Source data below:

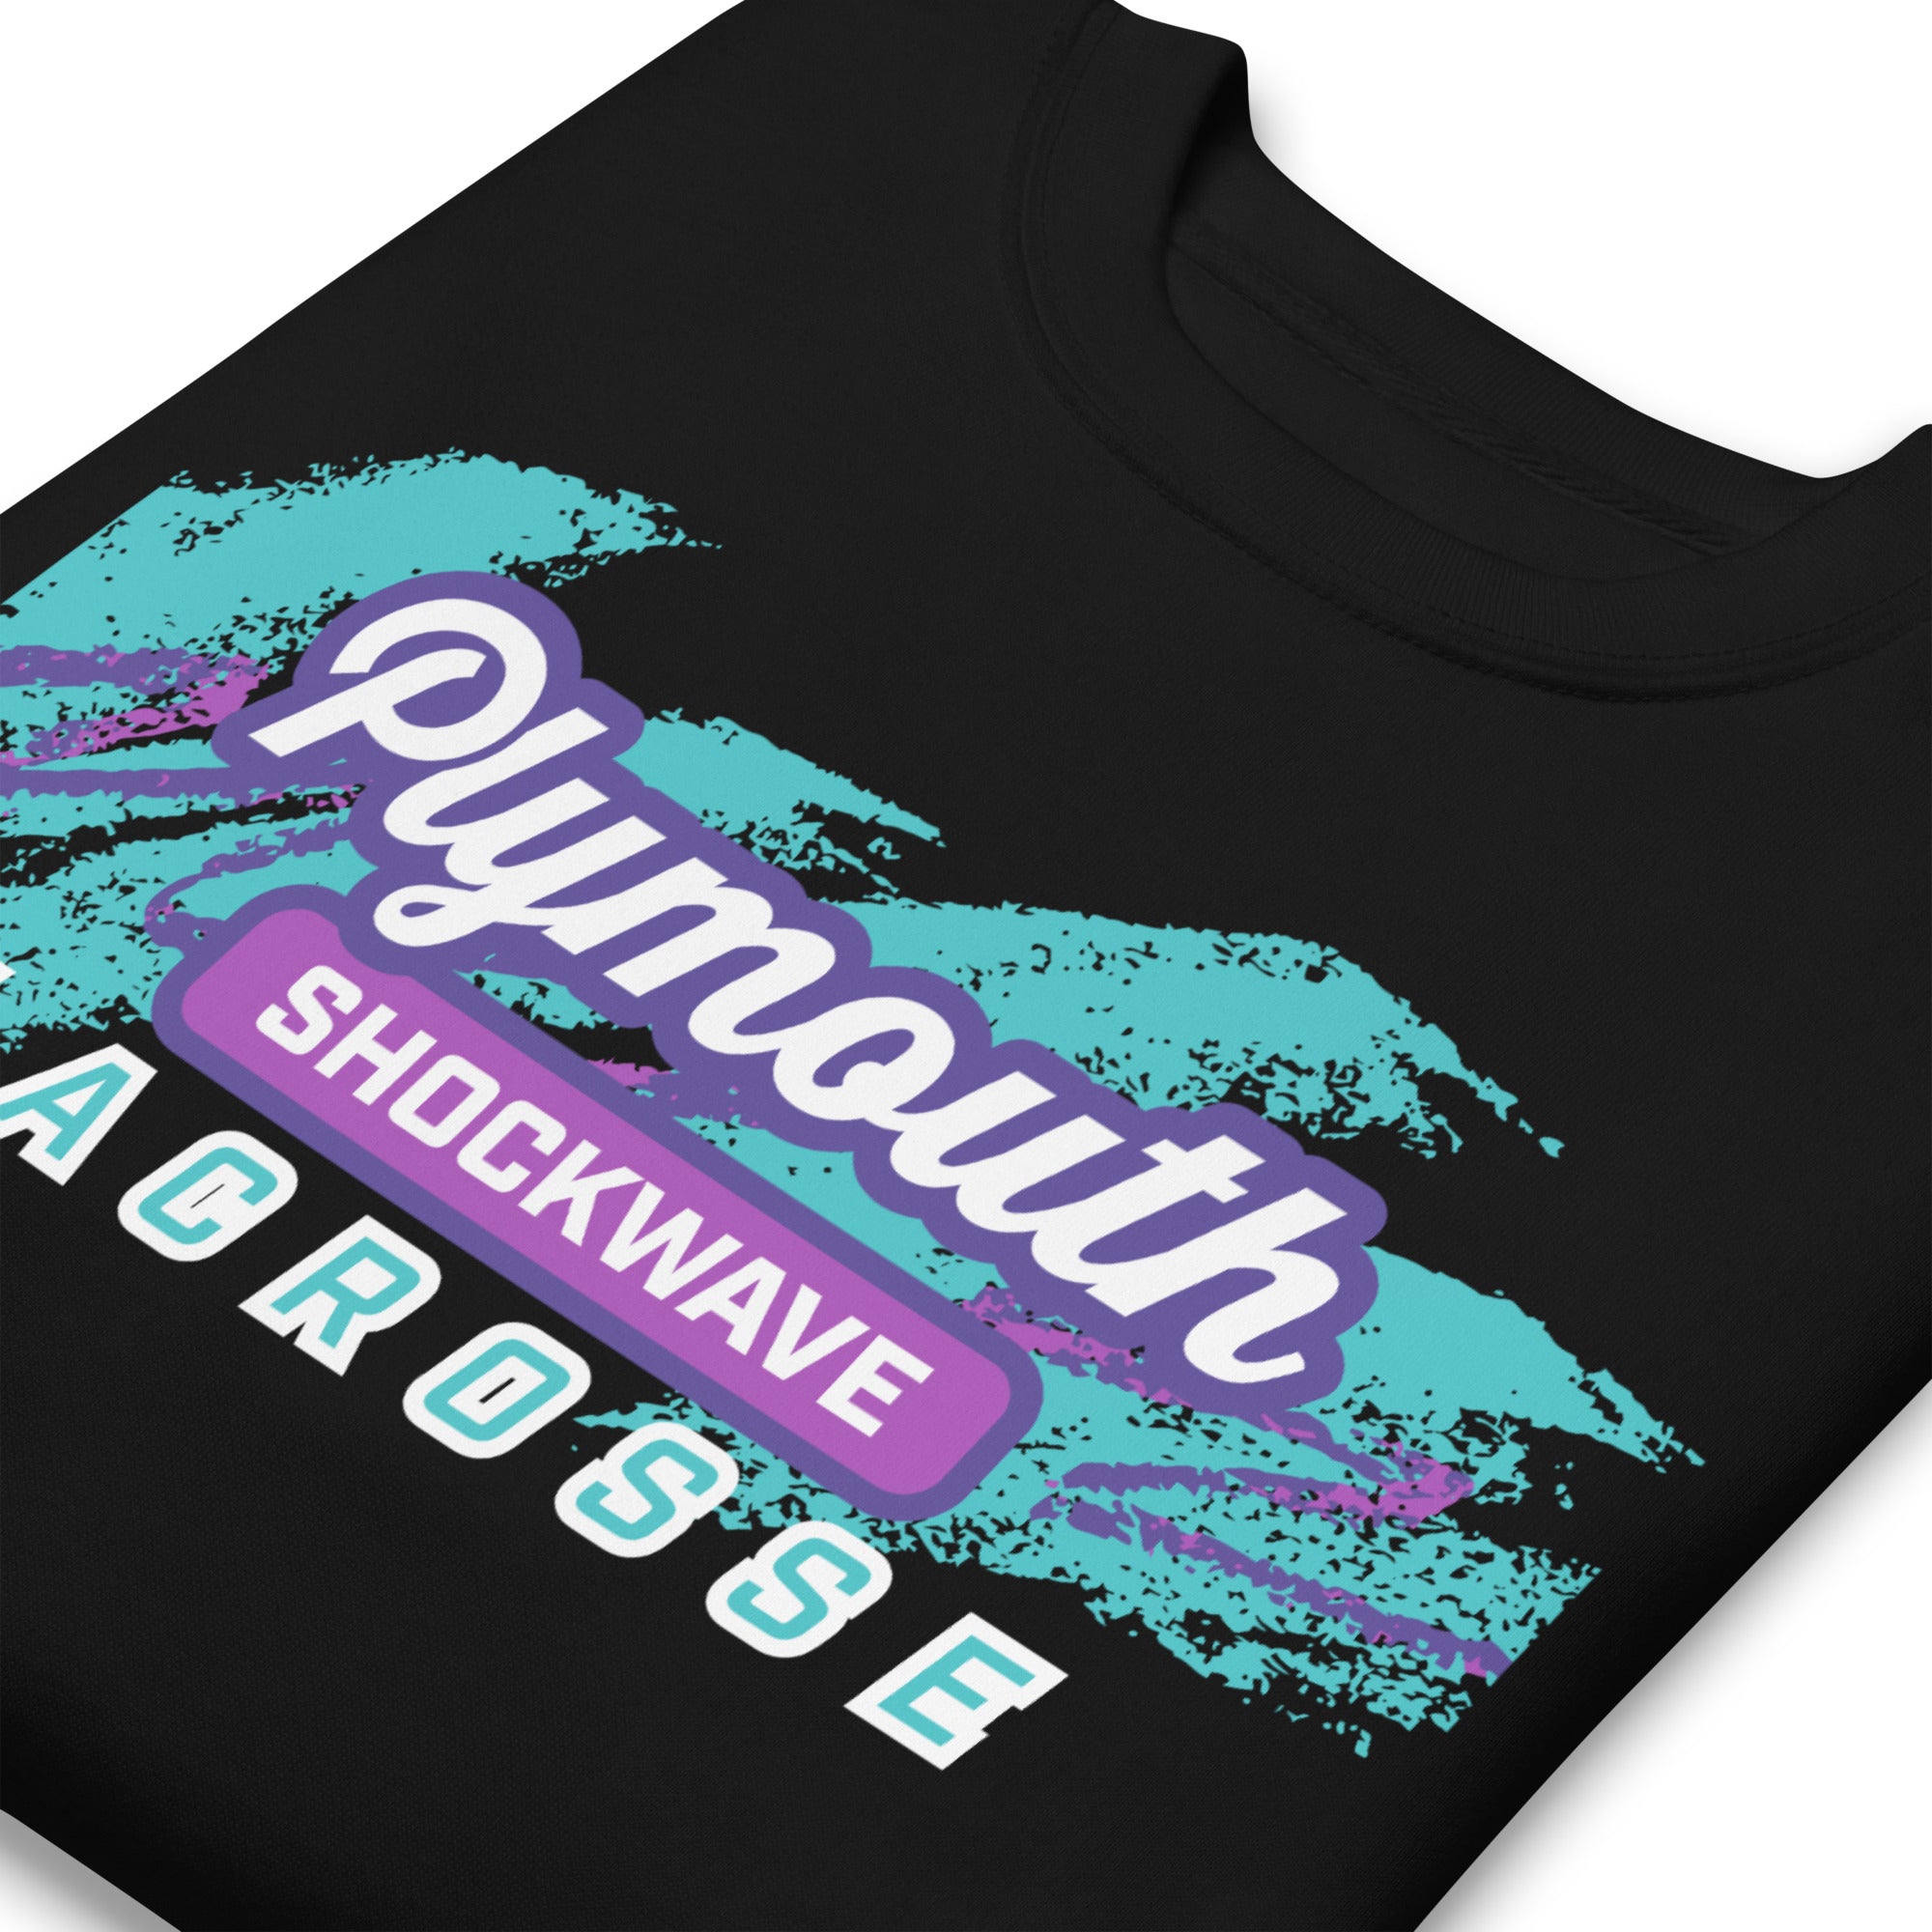 Shockwave Unisex Crewneck Sweatshirt
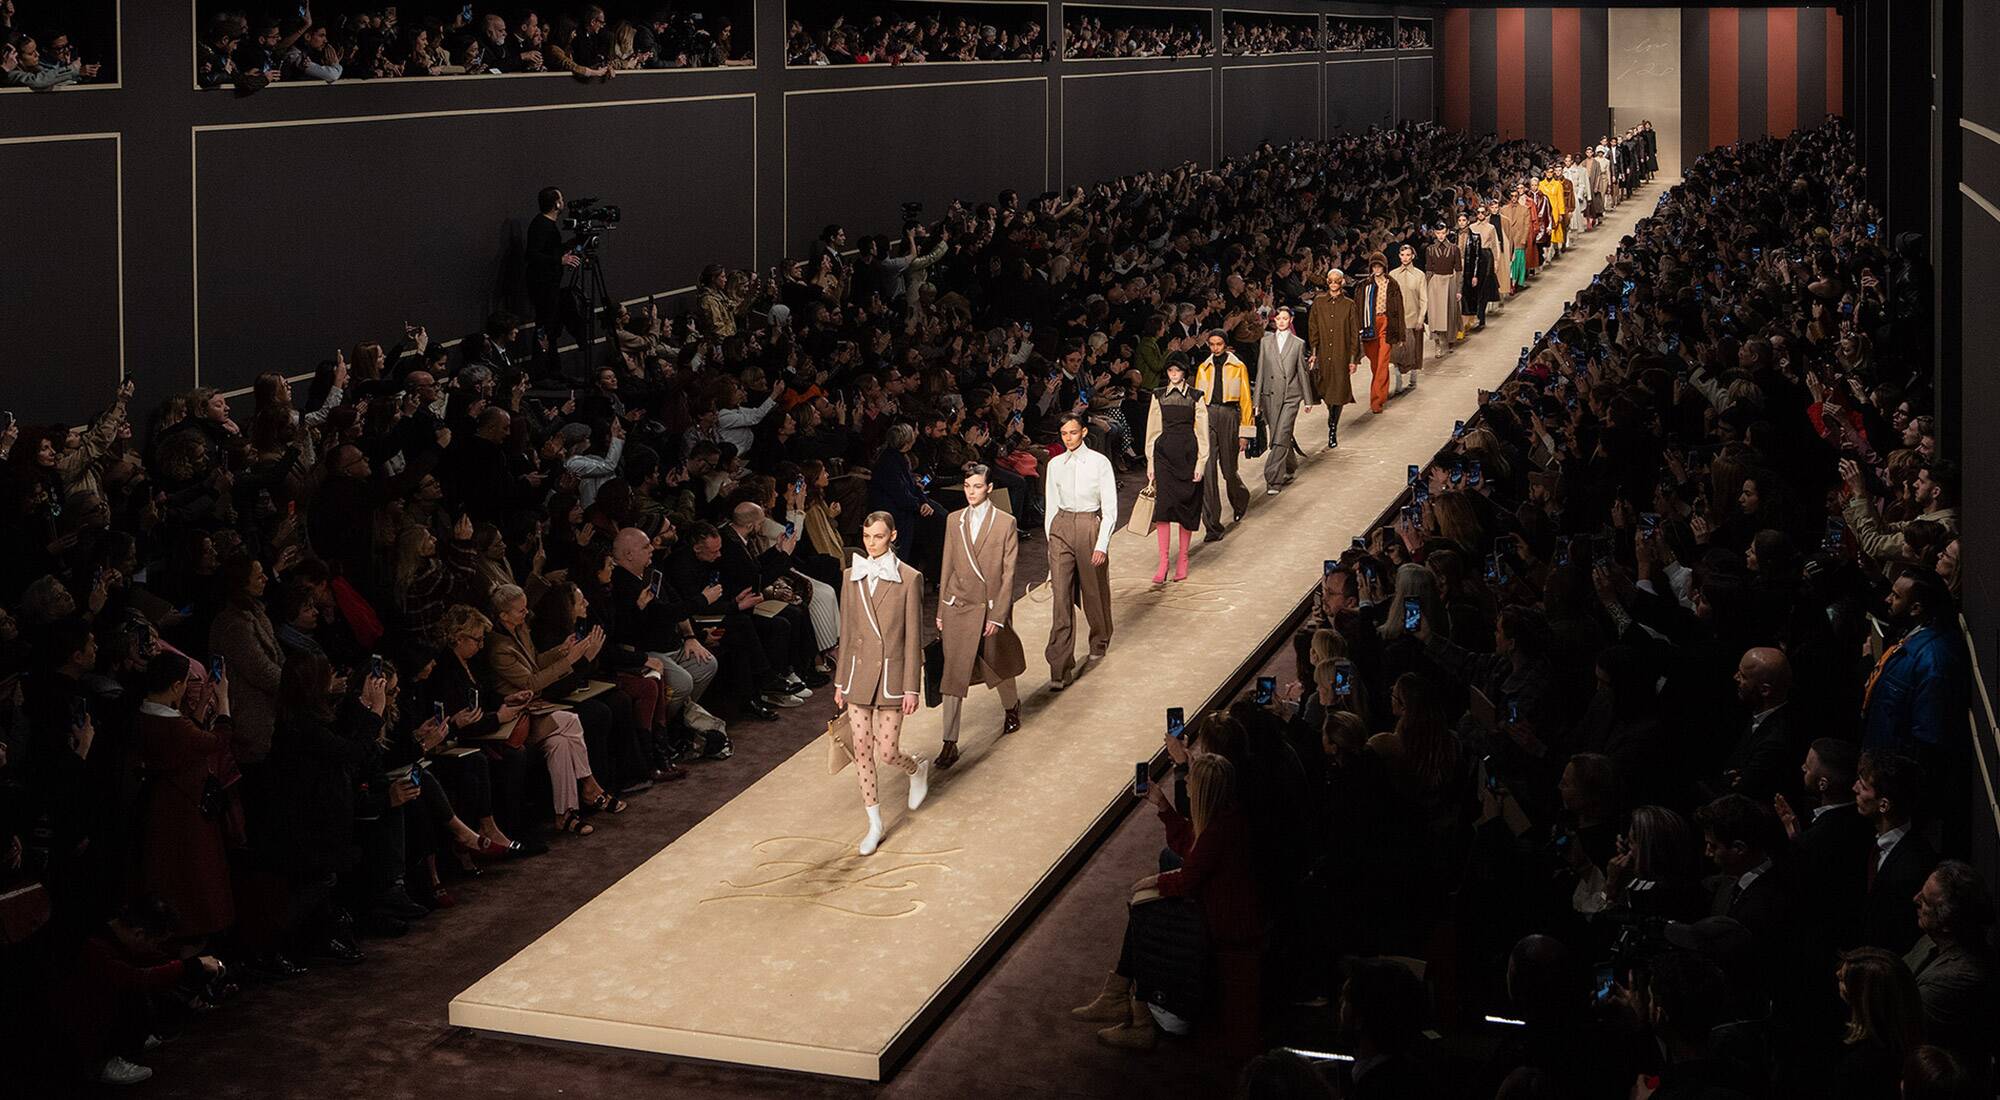 Fendi at Milan fashion week: a memorial to Karl Lagerfeld
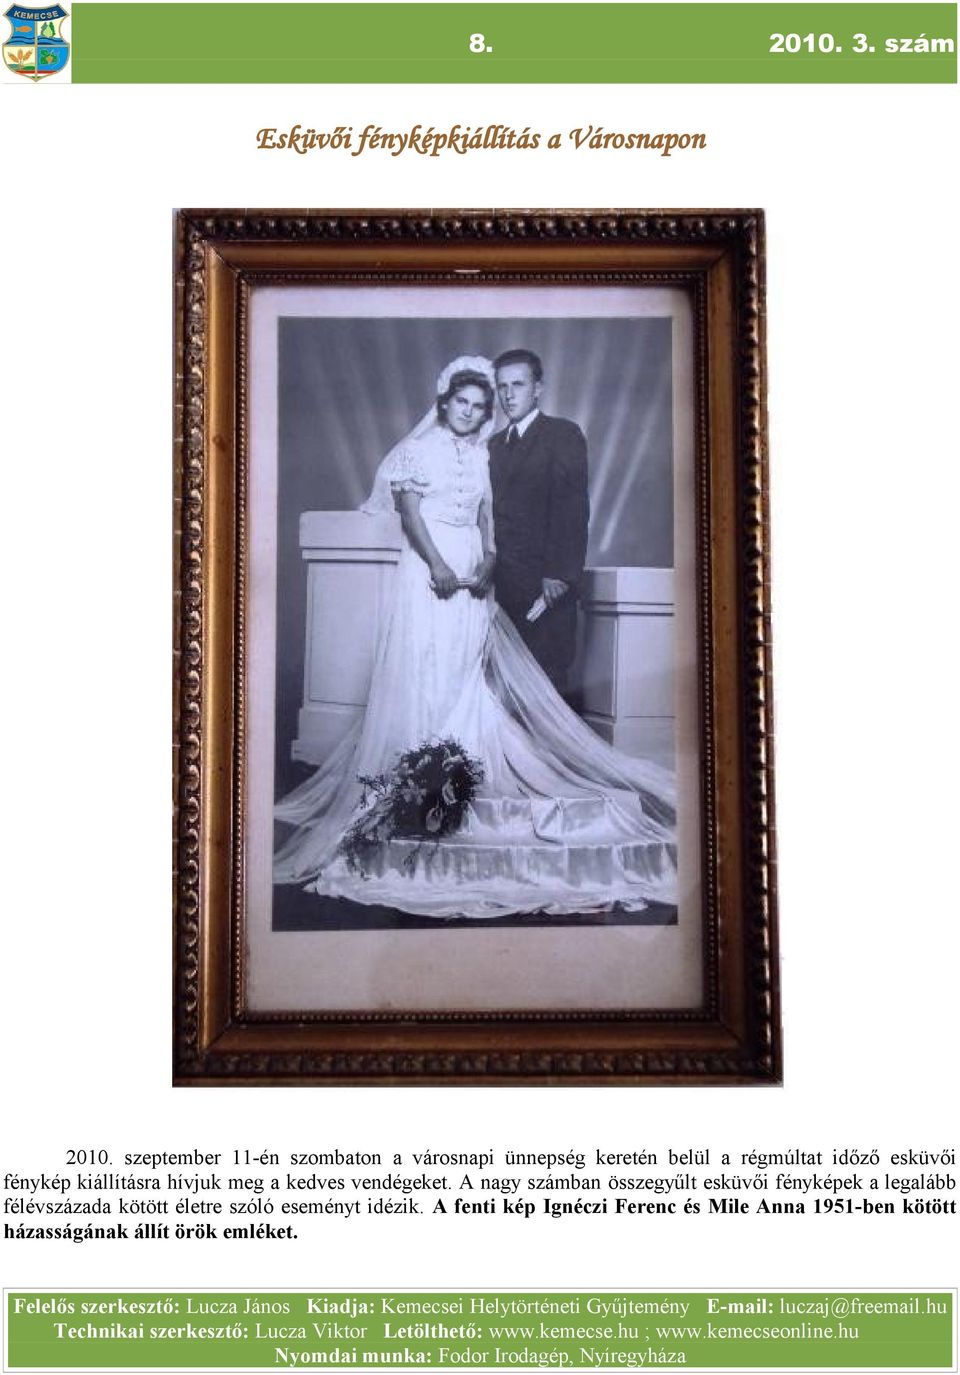 A ngy számbn összegyűlt esküvői fényképek leglább félévszázd kötött életre szóló eseményt idézik.

End of Source data.

Work required> Leave out the pictures and return the listing exactly.

Worked solution>
 Shockwave Unisex Crewneck Sweatshirt
 Fendi at Milan fashion week: a memorial to Karl Lagerfeld
 A ngy számbn összegyűlt esküvői fényképek leglább félévszázd kötött életre szóló eseményt idézik.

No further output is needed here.